Ten years ago, seers across the globe were wiped out, thrusting the supernatural world into figurative darkness.

When word spreads that the first new seer in a decade has been found, powerful forces will hunt her.

The dead will unite to defend her.

And a repressed sadist werelock will abandon his century-long vow of celibacy to claim her as his own.

Goodreads / Amazon

EXCERPT:

LAUREN

He cleared his throat. “I want to ask a favor of you.”

Here we go. He suddenly looked nervous, which made me nervous. I fiddled with the strap of my bag, readjusting it on my shoulder. “So ask it.”

“I want you to stay away from the man you walked home with this afternoon.”

Of all the everloving—“You mean Michael?”

He nodded slowly. “He isn’t who he seems.”

“I only just met him today. We share a class.” Why was I on the defensive explaining myself? “With all due respect, it’s none of your business who I spend my time with.”
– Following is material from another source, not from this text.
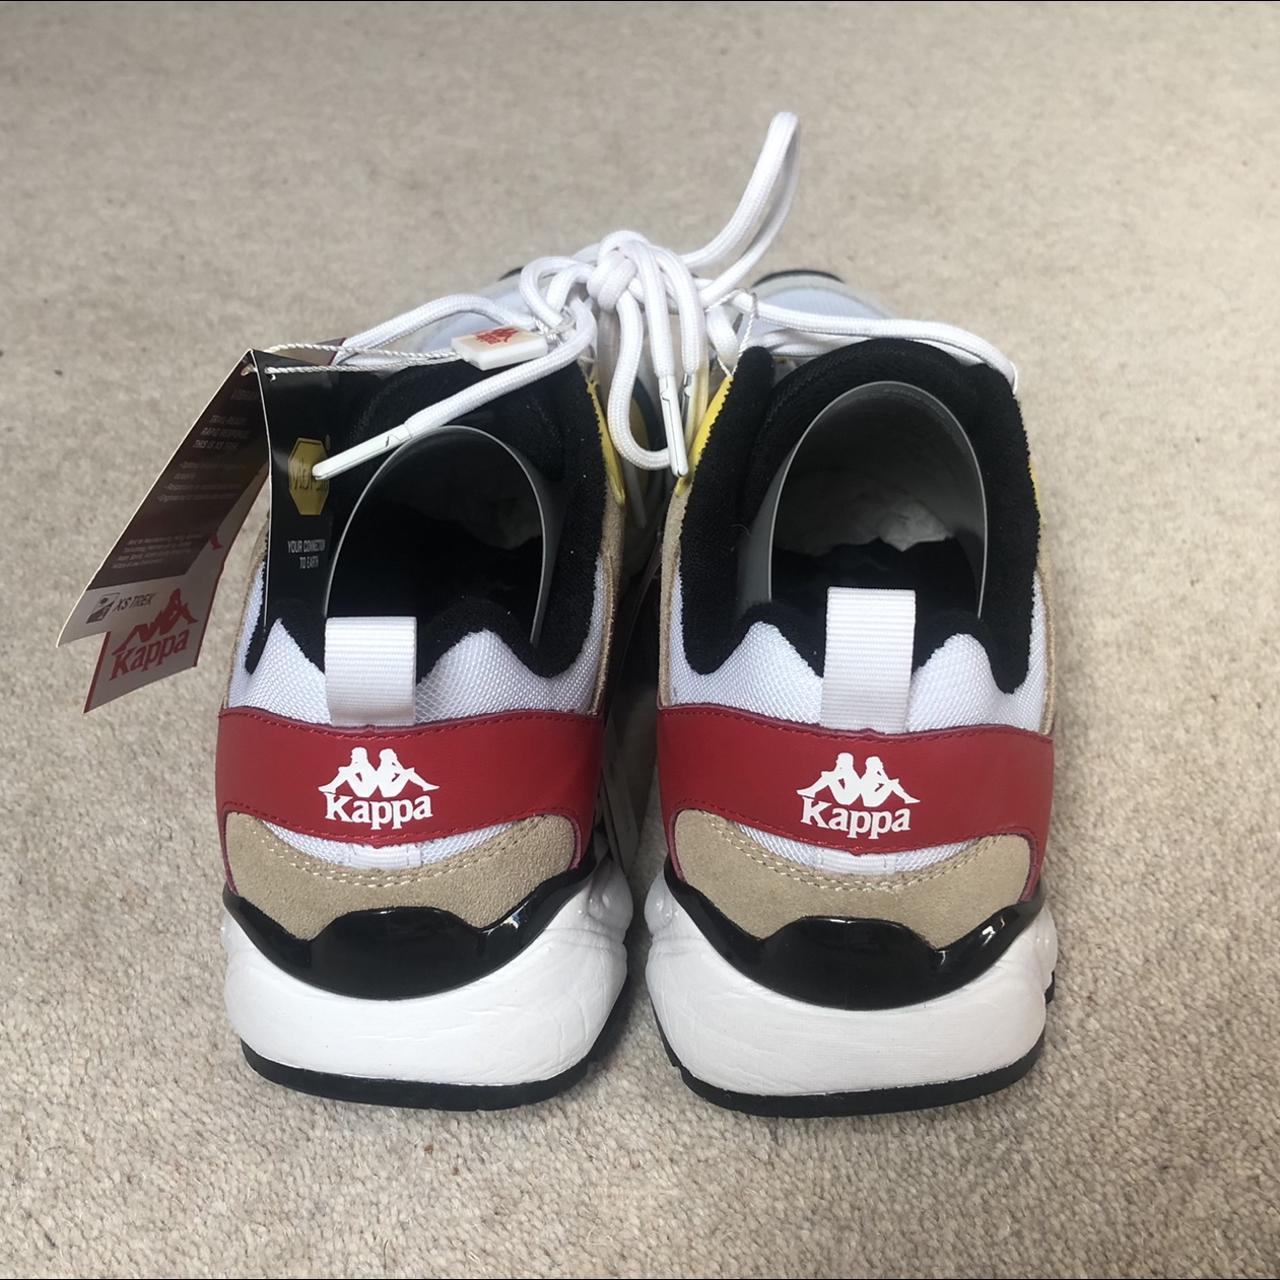 trainers/shoes multi - Brand Depop new Kappa colour with...

“I know,” he acceded after a pause, his jaw tightening. His hand clenched into a fist at his side.

He wanted it to be his business. The confirmation sent an unwanted thrill through me. I squashed it. He was moving away. He thought he was too old for me.

I should’ve just said goodbye to him and entered my suite then, but I didn’t want my time with Kai to be over—forever. Plus, I wanted to see how far I could push his jealousy buttons.

“There a particular reason you want me to stay away from Michael? Something you know about him you’d care to share?”

He hesitated before saying, “Michael works for someone I know. Someone I don’t trust.”

This was getting weird. Go inside, Lauren. “I don’t see what that has to do with me.”

“Nothing on the surface. But I believe you understand more than most that life is greater than what we often see on the surface.”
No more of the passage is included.